Restricting SSH access on a public network

SSH accessibility provides users with the ability to securely access a device though an internet connection. SSH is available on IBM Cloud® devices on both the public and private network. However, it's a good idea to restrict SSH accessibility over the public network unless it is necessary for a unique business need. When you restrict SSH access on the public network, users can still access a device over the private network, but the risk from unknown users accessing the device on the public network is mitigated. If SSH accessibility over the public network is necessary, you can transfer SSH to a custom port number for an added layer of security.

Use the following steps to restrict SSH access on the public network.

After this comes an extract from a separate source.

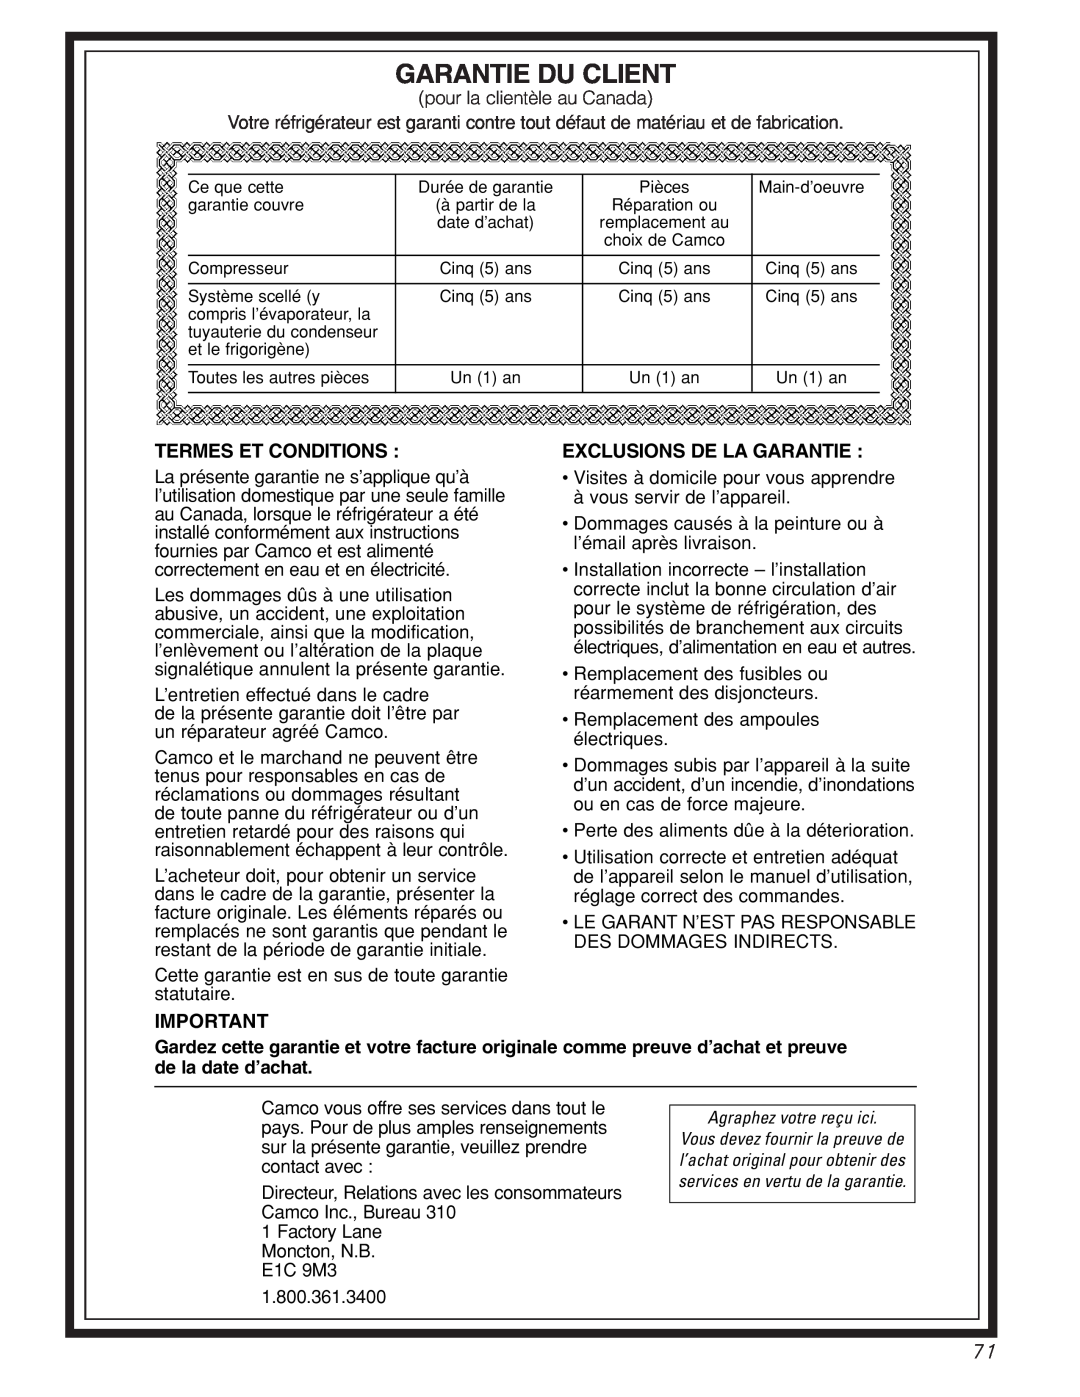 GE Monogram 23 installation instructions Garantie Du Client, Termes Et Conditions, Exclusions De La Garantie

Access the Private Network over VPN.
Log in to the Bare Metal Server Private IP address through SSH.
Run the following command to open the sshd_config file for edits.

vi /etc/ssh/sshd_config
Remove the hash (#) from one ListenAddress line to uncomment it.
Enter the Private IP address for the Bare Metal Server in the uncommented ListenAddress line.
Run the :wq command to save the changes and exit the file.
Restart the sshd service.

service sshd restart

Test the updates to SSH accessibility by attempting to access SSH over the Bare Metal Server's public IP address.

If a connection	Then...
Can't be made...	Changes that were made to SSH accessibility were successful. No further action is required.
Can be made...	Changes that were made to SSH accessibility were unsuccessful. Repeat the previous steps to retry the SSH restriction. If issues persist, contact Support.

Next steps

After successfully restricting SSH access, users can't access the device through SSH if they don't connect through the private network. This action can be reversed at any time by adding the hash (#) back to the uncommented line, which returns the line to comments.